Бледный Шурик Мурзинцев тоже открывал рот, но не слышно. И быстро кивал...
Ясная догадка пришла к Лодьке сразу. Ну, конечно же! Не хотели ни Лешка, ни Шурик кровавого поединка (не идиоты же в самом деле!) Сделали холостые заряды! (И правильно!) А кто-то (кто?!) все же толкнул в ствол пули. Все это стремительно раскручивалось в Лодькиной голове, и даже мелькнуло сравнение с дуэлью Печорина и Грушницкого, хотя у Лермонтова многое было не так... Но вместе с этими мыслями прыгала и вертелась еще одна — далекая от всякого героизма: Лодька снова ощутил предательскую сырость, скосил вниз глаза и увидел, что темное пятно все же проступило на штанах ниже живота. Вот гадство!
Чтобы не заметили, он быстро подошел к столпившимся у колоды ребятам. Когда стоишь вплотную, на живот тебе никто не глядит...
Лешка осип. И повторил уже с хрипом:
— Кто, я спрашиваю? У какого болвана чесались руки?
И все стали смотреть на Семку Брыкалина по прозвищу Цурюк, других болванов здесь не было.
Тот и не отпирался.
— А чё? — сказал он обычные в трудных случаях слова. И довольно связно объяснил:
— Я думал, про них забыли... Когда Костян с дров полетел... Гляжу, они лежат вон там, в ямке, ну и я... Чё ли зря я их принес? Ну и затолкал...
Лодьке почудилось, что в ушах у него опять пробки после выстрела — такое наступило молчание. В этой тишине Лешка вздохнул полной грудью, зажмурился, снова открыл глаза, медленно отвел руку и со всей силы вмазал Цурюку по роже.
Из носа у Цурюка вылетели большие красные капли. Много. И картечью ударили по штанам Лодьки, который стоял ближе всех.
Лодька не сразу понял, жалко ли ему Цурюка и прав ли перепуганный Лешка. В первый миг он радостно осознал, что спасен.
— Психи вы тут все! — заорал он, пряча за громкостью ликованье. — Я теперь как отстираю штаны?! — Он бросил у колоды пистолет и кинулся к бочке под водосточной трубой. Там он горстями начал плескать воду на брючную ткань, будто пытался смыть бурые, сразу подсыхающие пятна, а на самом деле маскировал прежнюю сырость свежей...

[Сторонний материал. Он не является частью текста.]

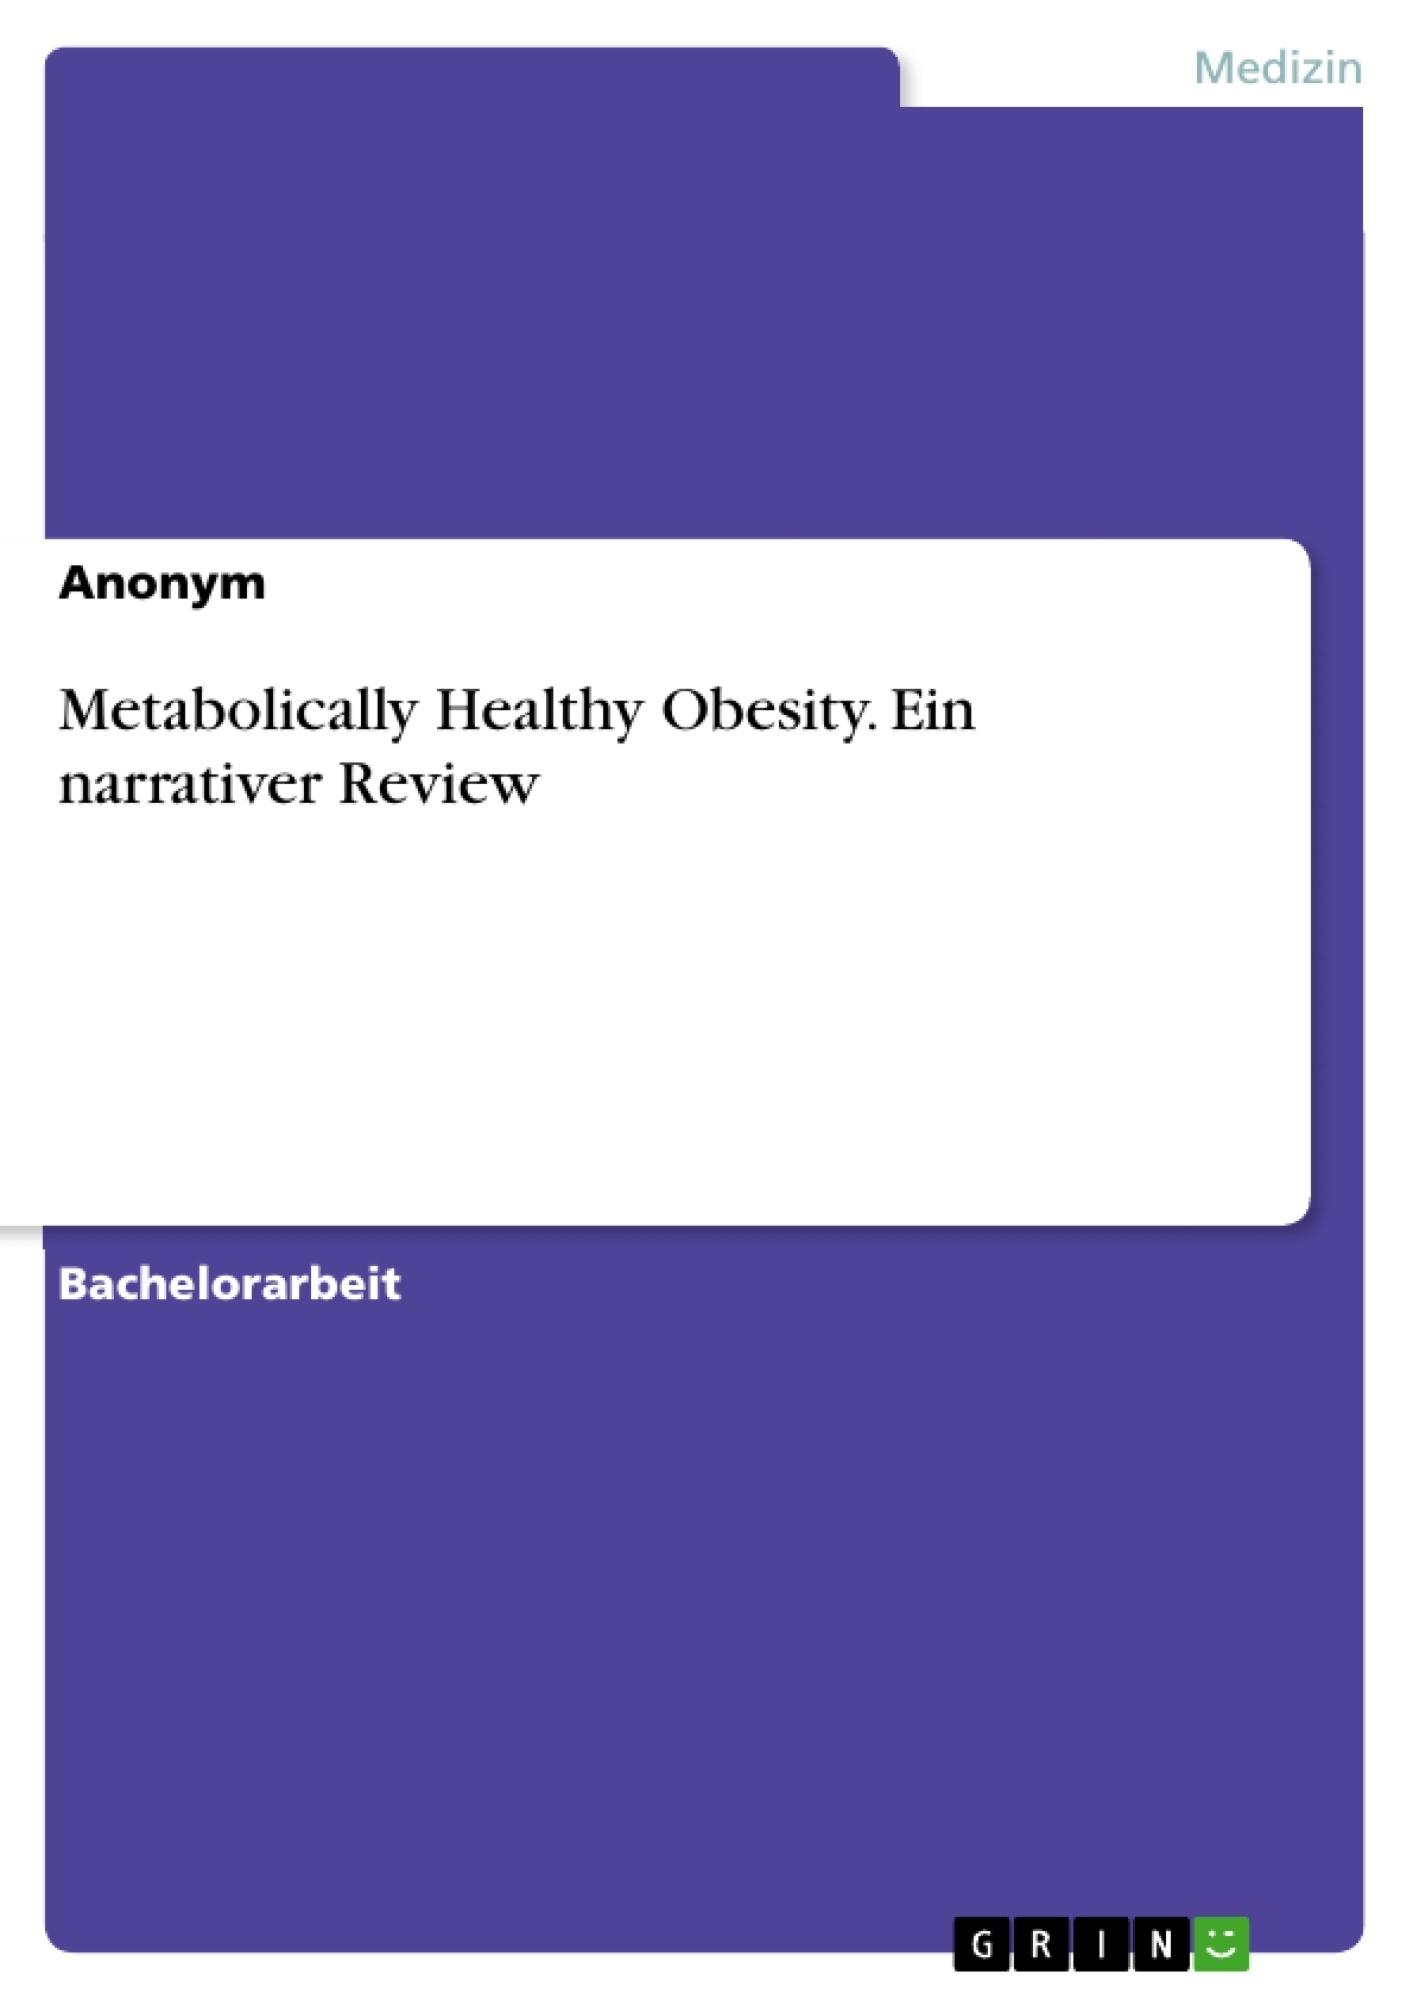 Titel: Metabolically Healthy Obesity. Ein narrativer Review

— Да ладно, Лодик, отстираешь, — сочувственно сказал издалека Мурзинцев. — Скажи спасибо, что жив остался...
— Ага, "спасибо"! Мне теперь хоть домой не приходи...

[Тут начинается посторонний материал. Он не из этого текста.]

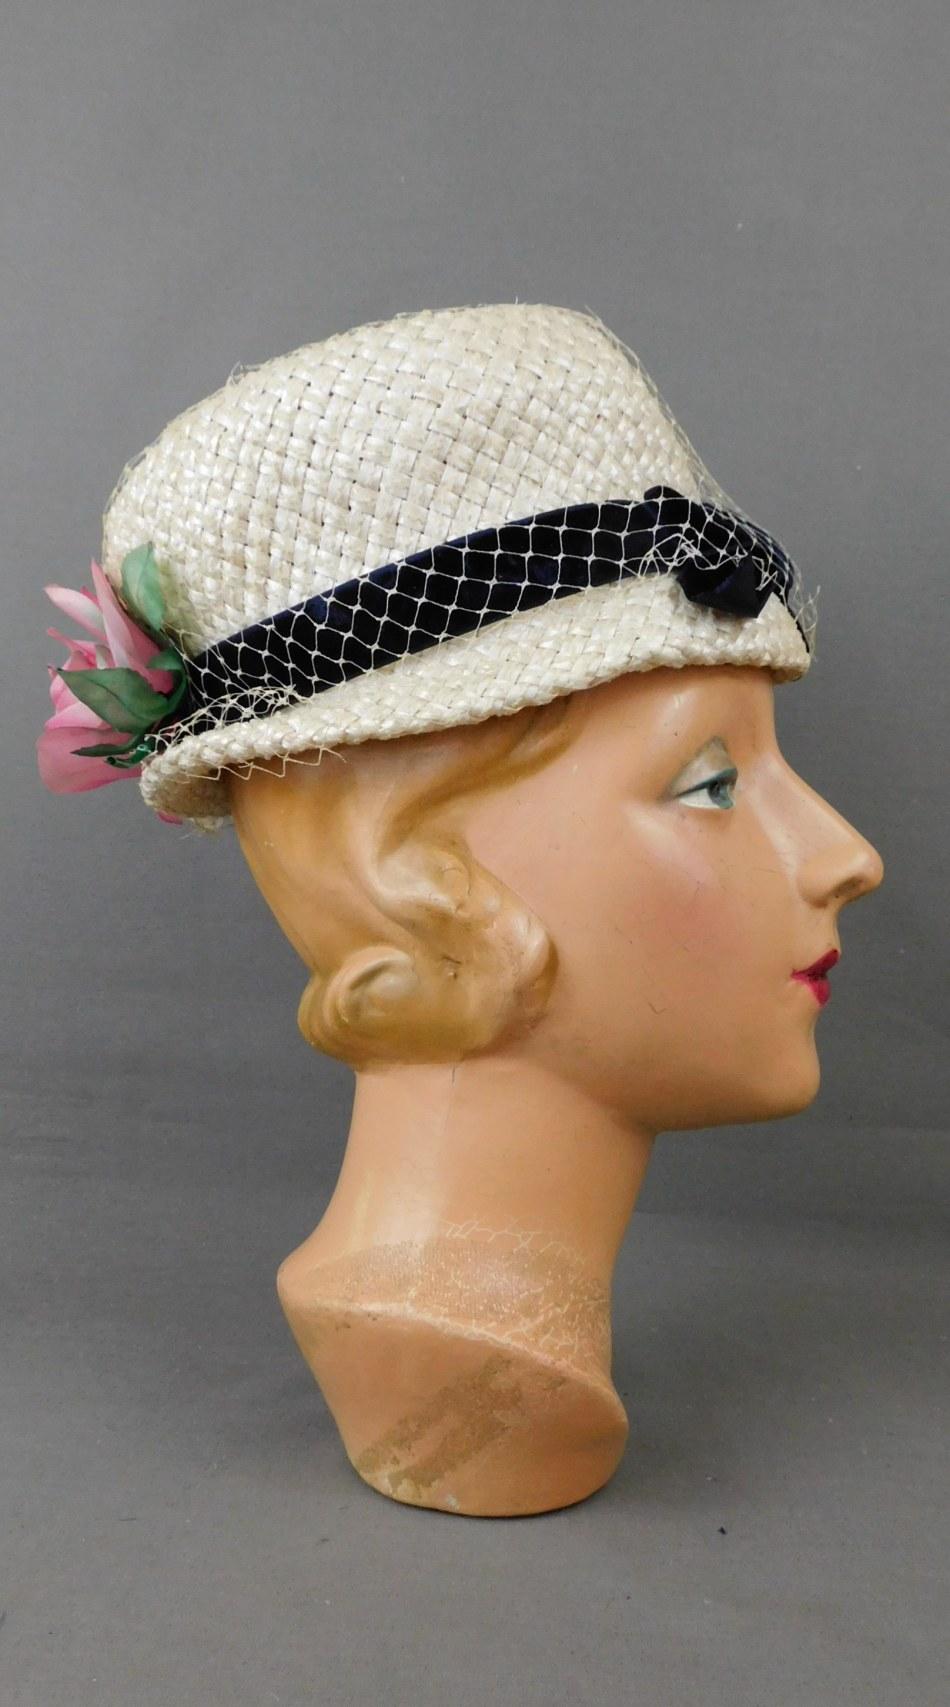 Vintage White Straw Floral Hat with Navy Velvet Ribbon, 1960s

Цурюк сидел у колоды на корточках, прижимал к лицу растопыренные пальцы и скулил. Остальные стояли вокруг и галдели, перебивая друг друга. Фонарик пошел к бочке, достал из кармана поглаженных брюк очень чистый платок, намочил, отнес Цурюку.
— На, приложи к носу...
Цурюк приложил, но продолжал скулить:
— Сами заставили принести, а сами... Я откуда знал, что нельзя?.. Сами сказали: надо, а потом... За что по морде-то...
— Заткнись... — угрюмо сказал Лешка Григорьев.
— Ж... безголовая, — вставил свое слово Толька Синий.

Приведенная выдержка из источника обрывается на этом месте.